After pounding hard three times and getting no answer, Campbell tried the door. If Roy was gone from the apartment, he locked the door because he was dealing nickel bags of weed on the side. Not that Roy didn’t trust Campbell. Paranoia just came with the territory.
The handle turned, which meant Roy was snoozing through a hangover. Pete pushed the door open, bulldozing a pile of dirty clothes. The room smelled of old socks, cheap aftershave, the rusting metal of Roy’s weightlifting set, and a permanent booze/pot smell that blended into one tarry and potent smog.
Campbell felt along the wall—widescreen TV, lift bench, dresser piled with bottles—until he reached the window. He wracked the curtains wide so that the sun streamed onto Roy’s bed.
There, asshole, I hope that drives fishhooks into the backs of your eyeballs and yanks them out.
Roy didn’t move. His face was turned toward Campbell, mouth hanging open, the tongue lolling in there like a fat, pink grub. Campbell kicked the bed. “Wakey wakey.”
Roy quivered but didn’t awaken. This time Campbell wedged one bare foot on his roommate’s thigh and shoved. Roy rolled partway over, not even muttering his annoyance. Campbell leaned in and studied Roy’s pale face.
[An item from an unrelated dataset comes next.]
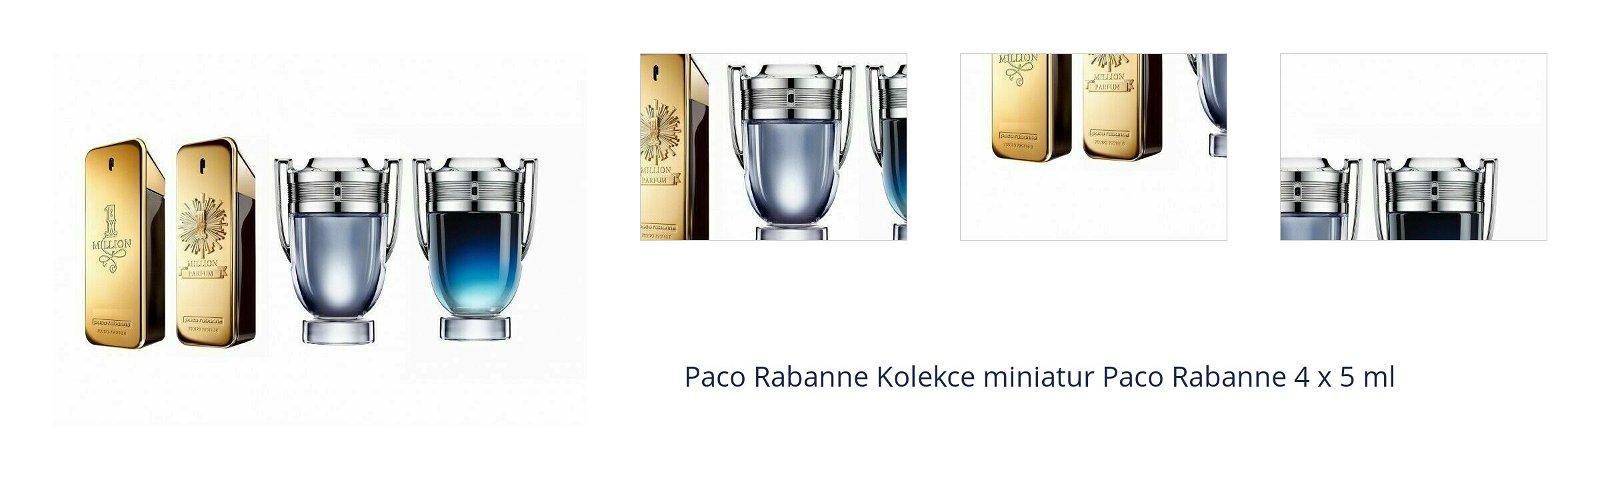 Paco Rabanne Kolekce miniatur Paco Rabanne 4 x 5 ml 1
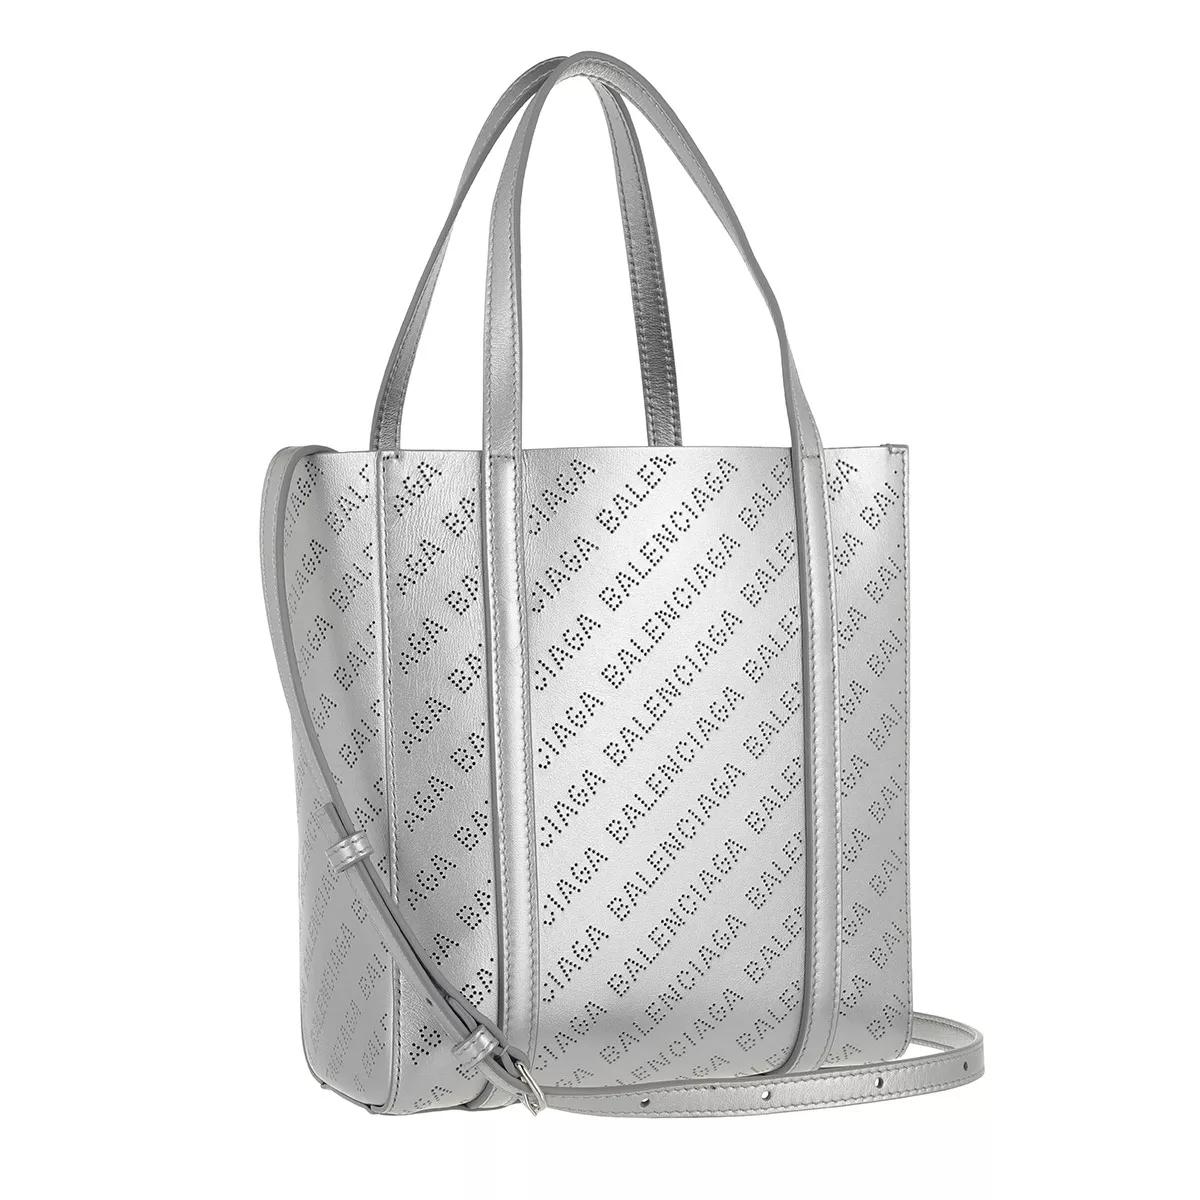 Balenciaga Totes Everyday Tote Bag in zilver

Don’t look so hot. Like he’s been shooting heroin or something.
Campbell leaned closer. A new kind of foul stench came from Roy’s mouth. But it wasn’t bad breath, because Roy wasn’t breathing.
Damn damn damn.
He pressed a finger to Roy’s neck like they did in the movies. He wasn’t sure what a pulse would feel like, but it didn’t matter, because he felt nothing.
Shit shit shit. He’s dead.
Campbell retreated to the living room, eyes now adjusted to the gloom. He fished his cell from his pocket. But should he call an ambulance? What about the drugs? Would Campbell get in trouble? Sure, he could blame everything on Roy, but a police search of the place would be a big hassle.
In the end, he decided to make the call. Except his phone didn’t power up. It had been fully charged an hour ago, when his manager called to remind Campbell about his shift.
No power, no phone. What the hell is going down?
Campbell opened the apartment door. A man was sprawled on the sidewalk outside, huddled like a lump of clothes. A red Jeep wheeled wildly through the parking lot of the complex, shearing the bumpers of three vehicles before plowing into a Ford truck. The Jeep’s driver crashed headfirst through the windshield, hanging there like a trophy deer mounted on a red plate. Screams rang out from the surrounding streets.
All hell was breaking loose, and Campbell did the only thing he could think of under the circumstances.
He stepped back, slammed the apartment door, and locked it.
And wondered how long it would take for the power to come back on, and how long before Roy started to stink for real.